The effects of major storms and weather events in the United States"

author: Derek Corcoran

Synopsis

The National Oceanic and Atmospheric Administrations (NOAA) studies weather and oceanographic events including severe storm and major weather events in the US. Among the data they inform is the number of deaths, injuries, crop damages and property damages.

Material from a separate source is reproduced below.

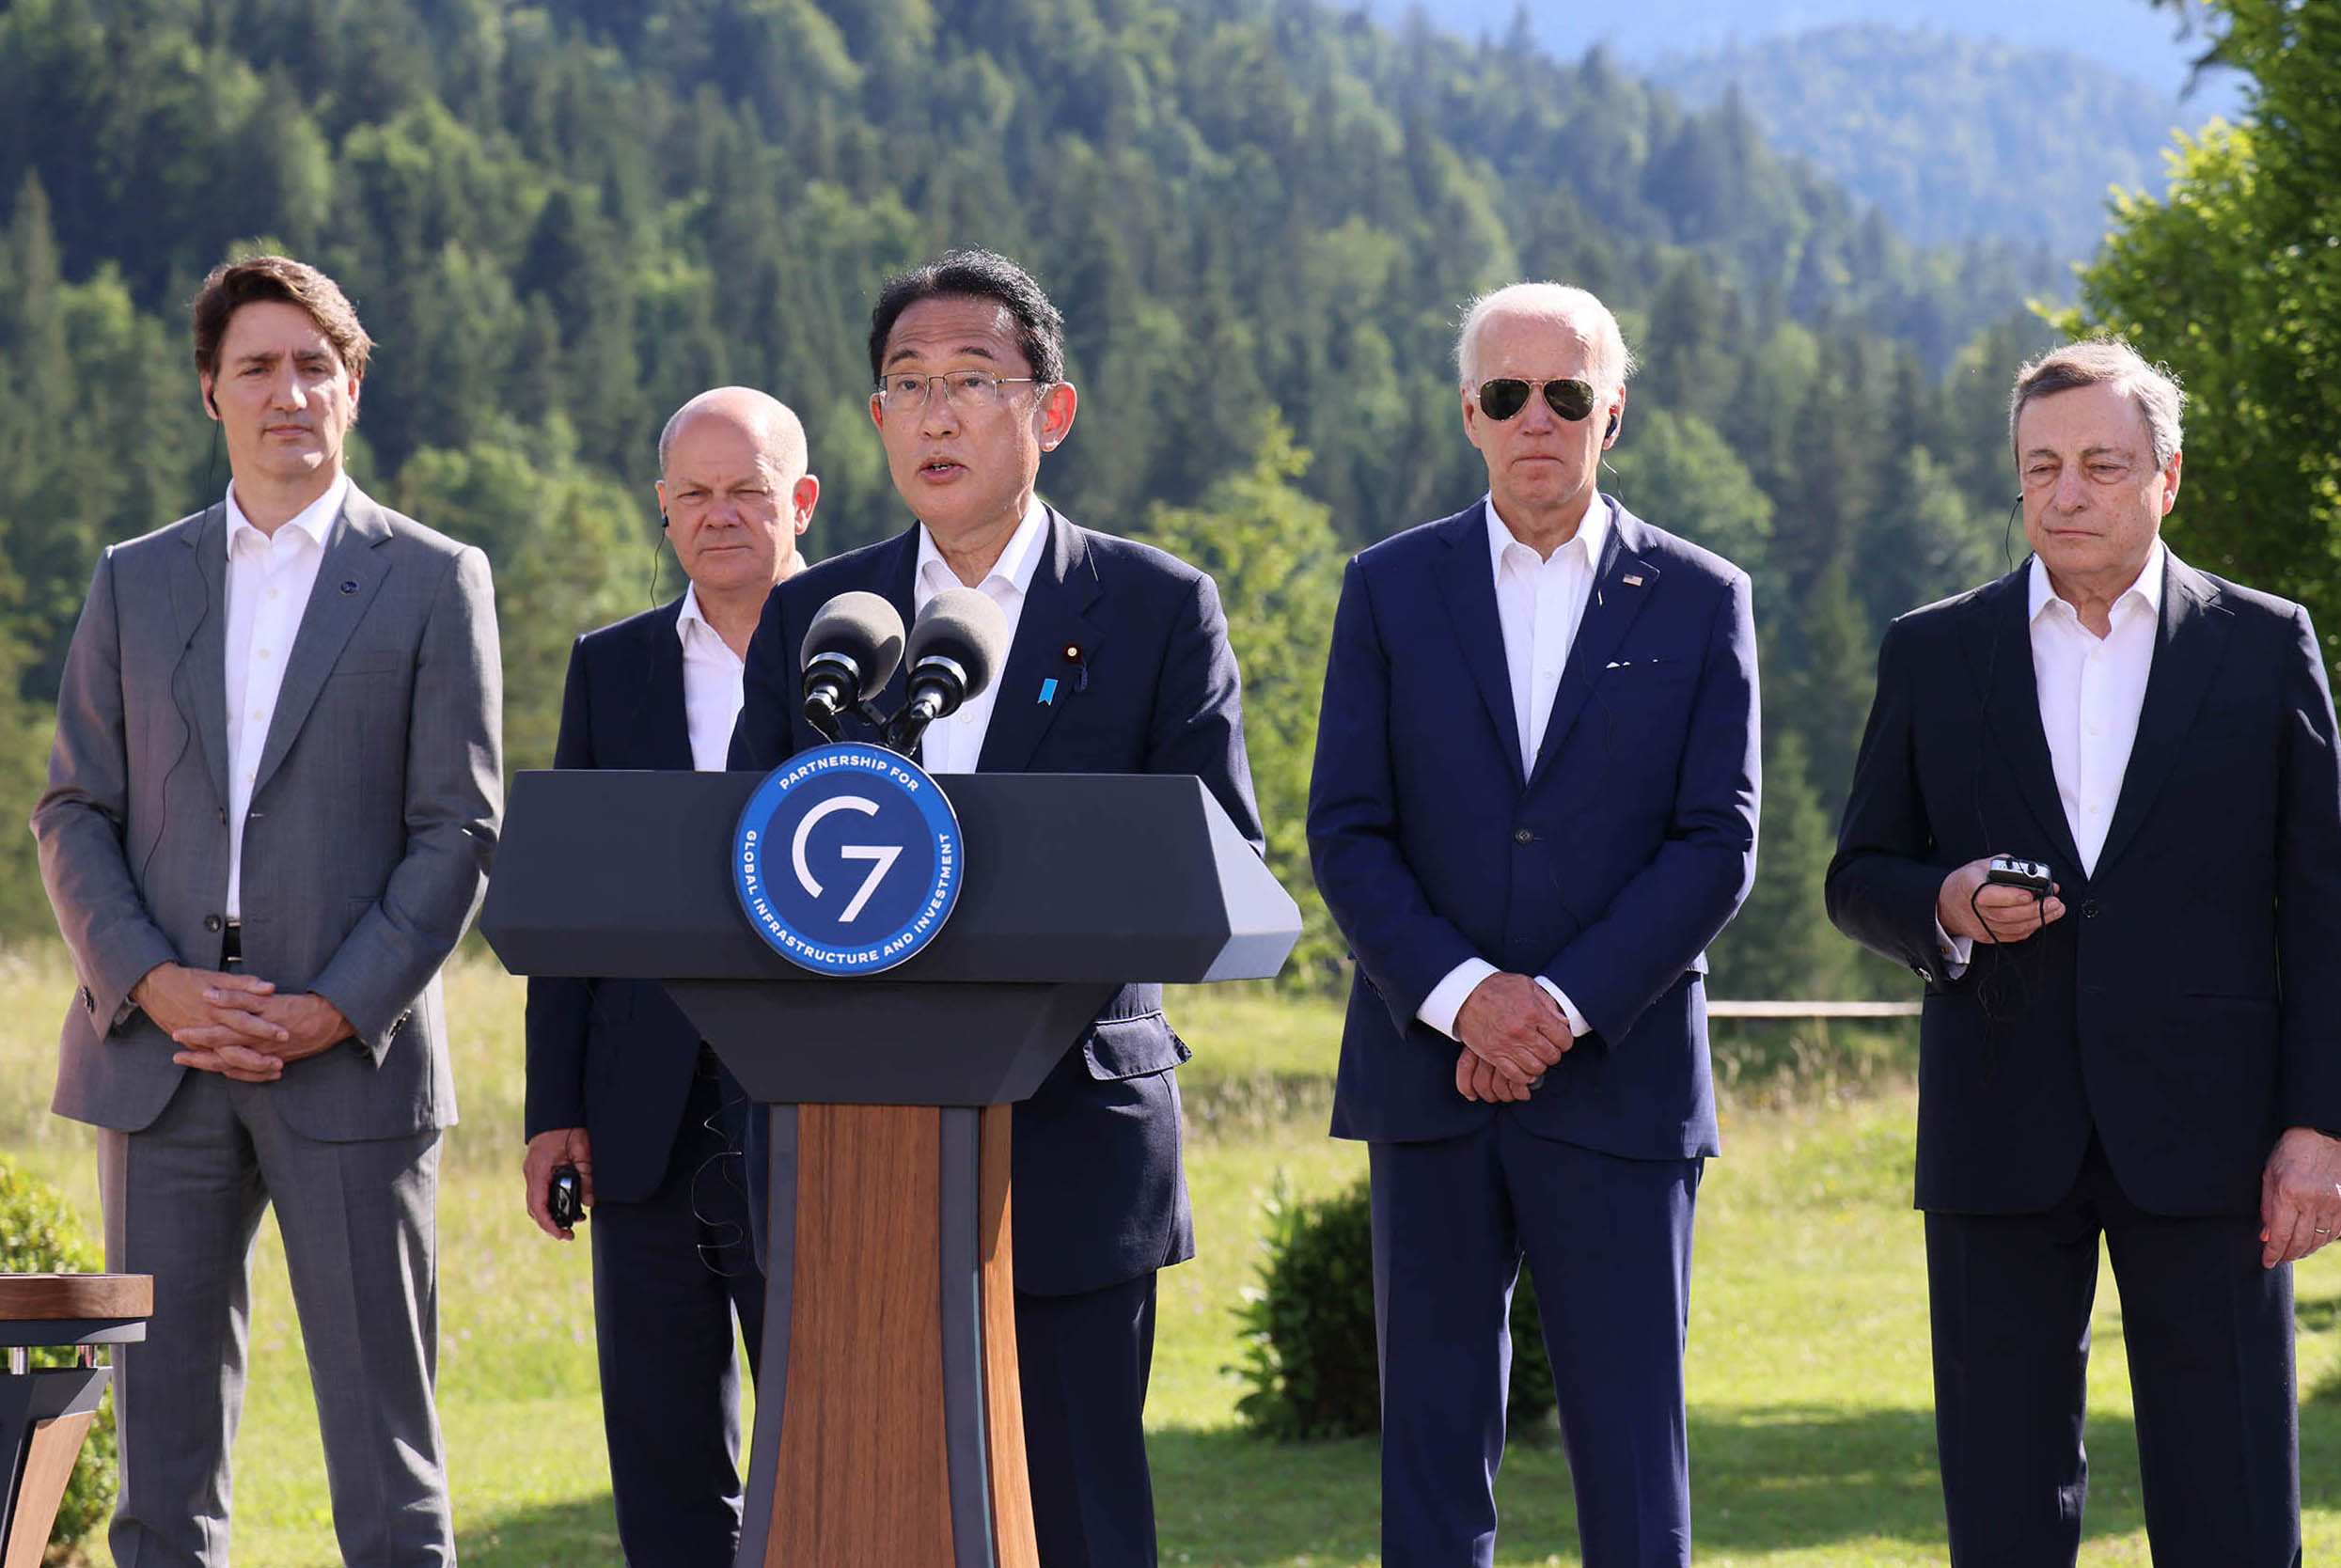 Prime Minister Fumio Kishida of Japan announces additional sanctions on Russia during the G7 Schloss Elmau Summit, June 2022.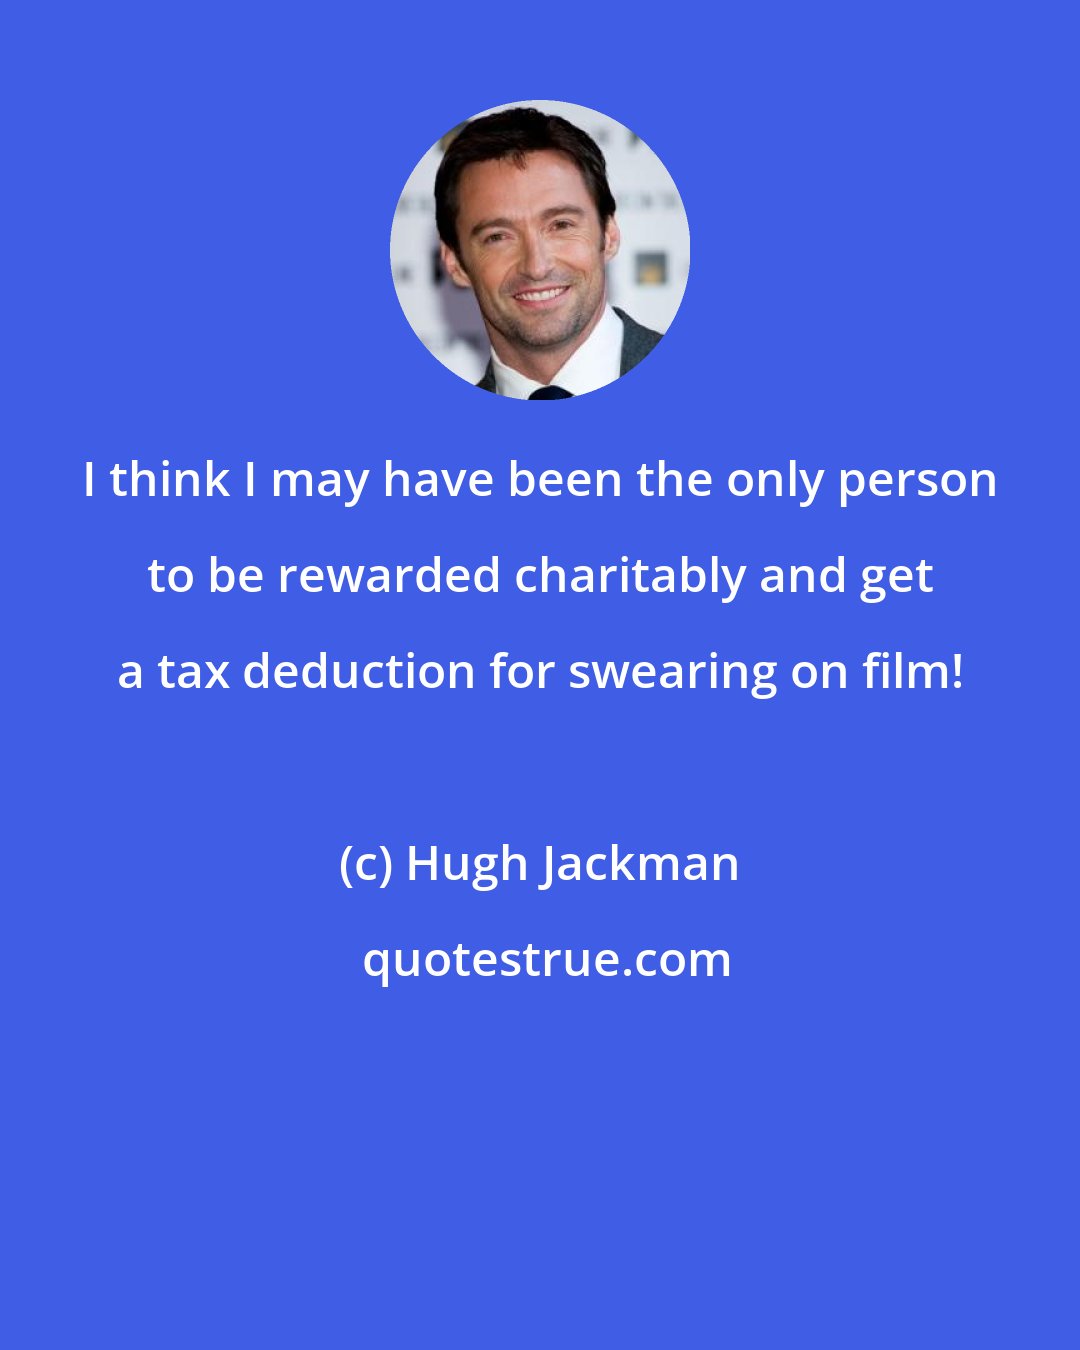 Hugh Jackman: I think I may have been the only person to be rewarded charitably and get a tax deduction for swearing on film!

This document summarises the top five event types in terms of deaths, injuries and combined econmic losses. Our work shows that Tornados are by far the natural disaster that causes more health and economic damage across the United States.

Data processing

Since the dataset is large and managing it, the whole rmarkdown document is set to cache the results

A directory is created and the data is downloaded from the internet to the computer and loaded into R

if (!file.exists("./PeerAssesment2")) {dir.create("./PeerAssessment2")}
## Warning in dir.create("./PeerAssessment2"): '.\PeerAssessment2' already
## exists
fileURL <- "http://d396qusza40orc.cloudfront.net/repdata%2Fdata%2FStormData.csv.bz2"
download.file(fileURL, dest = "./PeerAssessment2/Data.zip")
library(R.utils)
## Loading required package: R.oo
## Loading required package: R.methodsS3
## R.methodsS3 v1.7.0 (2015-02-19) successfully loaded. See ?R.methodsS3 for help.
## R.oo v1.19.0 (2015-02-27) successfully loaded. See ?R.oo for help.
## 
## Attaching package: 'R.oo'
## 
## The following objects are masked from 'package:methods':
## 
##     getClasses, getMethods
## 
## The following objects are masked from 'package:base':
## 
##     attach, detach, gc, load, save
## 
## R.utils v2.0.1 (2015-04-24) successfully loaded. See ?R.utils for help.
## 
## Attaching package: 'R.utils'
## 
## The following object is masked from 'package:utils':
## 
##     timestamp
## 
## The following objects are masked from 'package:base':
## 
##     cat, commandArgs, getOption, inherits, isOpen, parse, warnings
if (!file.exists("./PeerAssessment2/Data")) {
  bunzip2 ("./PeerAssessment2/Data.zip", destname = "./PeerAssessment2/Data")
}
list.files("./PeerAssessment2")
## [1] "Data"     "Data.zip"
Storm.data <- read.csv ('./PeerAssessment2/Data')

We see some of the data

str(Storm.data)
## 'data.frame':    902297 obs. of  37 variables:
##  $ STATE__   : num  1 1 1 1 1 1 1 1 1 1 ...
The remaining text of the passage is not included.